In FIG. 5D, the display interface shows the automatic placement of the wall 518 and the door 520 in the editable map (e.g., at step 130 in the method 120) after the user has completed tracing the untraced section. According to some embodiments, before the wall 518 and door 520 are finally placed in the editable map, the display interface 500 may display a prompt (not shown) to the user to confirm or modify the proposed placement of the feature (e.g., at step 132 in the method 120). Given that the editable map is superimposed on the base map, the user can quickly and easily confirm whether the proposed door placement in the editable map is actually a door in the base map.


Referring back to FIG. 2, at 132, the user may correct or modify the polygon object automatically placed in the editable map.


At 134, the editable map may be updated to show the modified polygon object depending on whether a modification was received at step 132. Following step 134, the method 120 cycles through steps 128, 130 (and in some cases steps 132 and 134) until all architectural features in the base map are traced and placed in the editable map.


At 136, the user inputs correcting or modifying the polygon objects at step 136 are fed back to the ML model (FIG. 8) to further train the neural network to automatically place polygon objects in the editable map correctly.


Referring to FIG. 2B shown therein is a method 140 for machine-assisted map editing.
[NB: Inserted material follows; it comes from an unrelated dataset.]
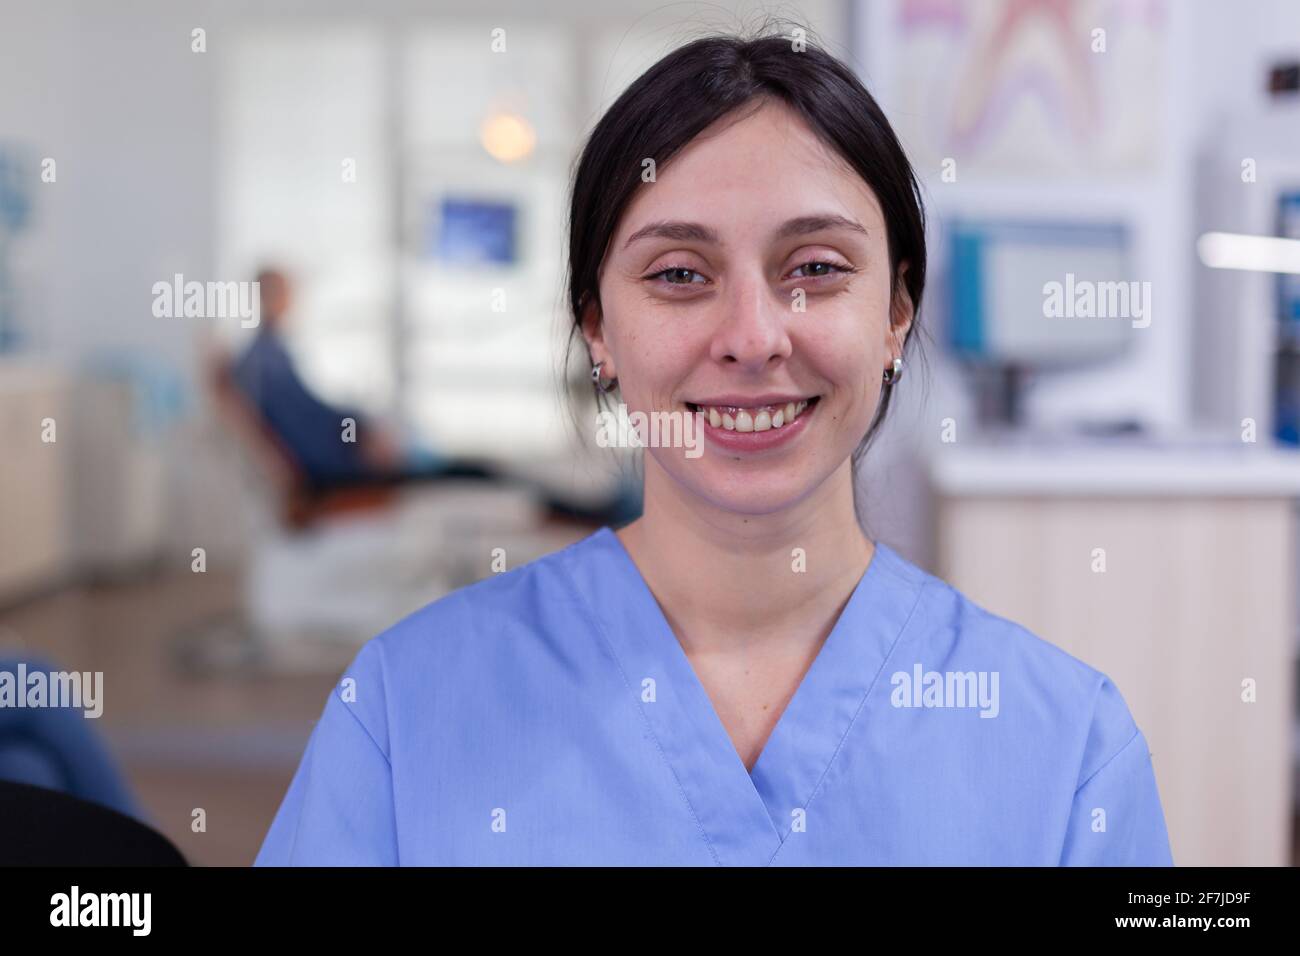 Smiling stomatology nurse looking at camera in dentist office wainting area, senior man waiting for teeth health examination. Dentistiry woman sitting on chair. Stock Photo

According to various embodiments the method 140 may be a continuation of the method 120 (FIG. 2A) or performed separately. Generally, the method 140 is only performed after all walls (e.g., wall 202 in FIG. 3) in the base map are traced and placed in the editable map. While the method 140 described below pertains to connections, it should be understood that the method 140 can be applied to furniture (desks, tables, etc.) and fixtures (e.g., sinks, toilets, etc.) by training a ML neural network to detect and classify those features.


At 142, connections in the base map are detected by a trained ML neural network. Connections refer to stairways, elevators, walkways, or the like, that connect the area depicted in the base map to another floor or area not depicted in the base map. The ML neural network is preferably a GAN trained to classify lines, markings or symbols denoting connections in the base map using paired training set data. For example, the ML neural network may be trained to recognize lines, markings or symbols in the base map that indicate the location of connections.
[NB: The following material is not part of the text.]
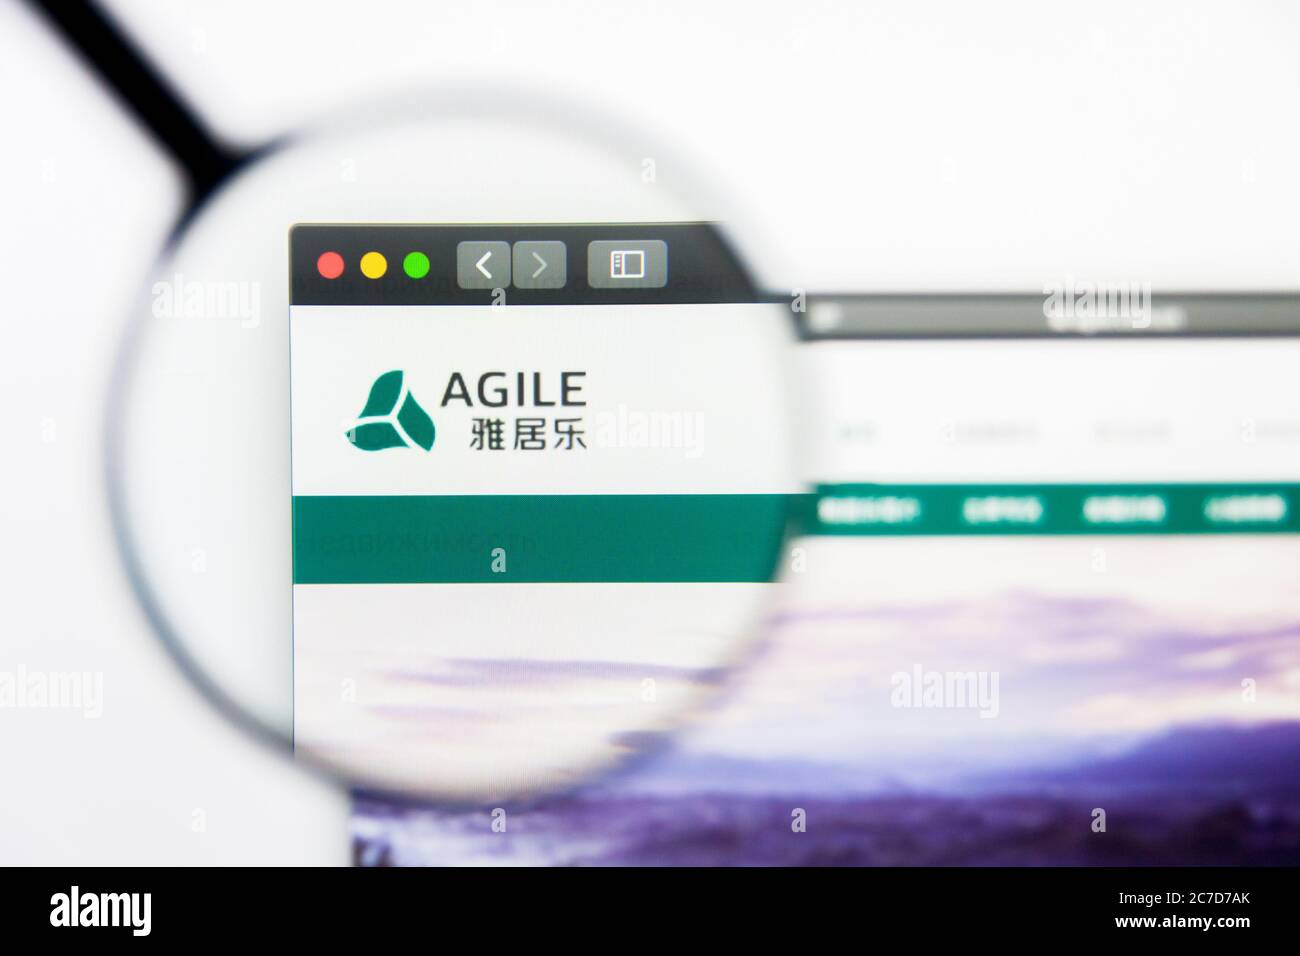 Los Angeles, California, USA - 25 March 2019: Illustrative Editorial of Agile Property Holdings website homepage. Agile Property Holdings logo visible Stock Photo

At 144, in some embodiments, the connections detected in the base map are proposed for placement in the editable map. The position/coordinates of a connection in the base map corresponds to the position/coordinates of that same connection in the vectorized polygonal representation of the architectural data stored in the memory. Accordingly, the map editing system knows (or has predicted) the position of the connection, and proposes placement of the connection in the editable map.


At 146, in some embodiments, user input confirming placement of the connections is received. Given that the editable map is superimposed on the base map, the user can quickly and easily confirm whether the proposed connection placement in the editable map is actually a connection in the base map.


At 148, the connections are placed in the editable map.


Referring to FIG. 6A, shown therein is a display interface 600 showing placement of connections in an editable map, according to an embodiment. The display interface 600 shows the editable map (dark grey lines) superimposed on the base map (light grey lines). Connections in the editable map may be indicated with icons (as shown) or text. The connections include stairways 602 and elevators 604 detected in the base map by the ML neural network. According to some embodiments, the display interface 600 may display a prompt 606 to the user to confirm placement of the connections 602, 604 in the editable map.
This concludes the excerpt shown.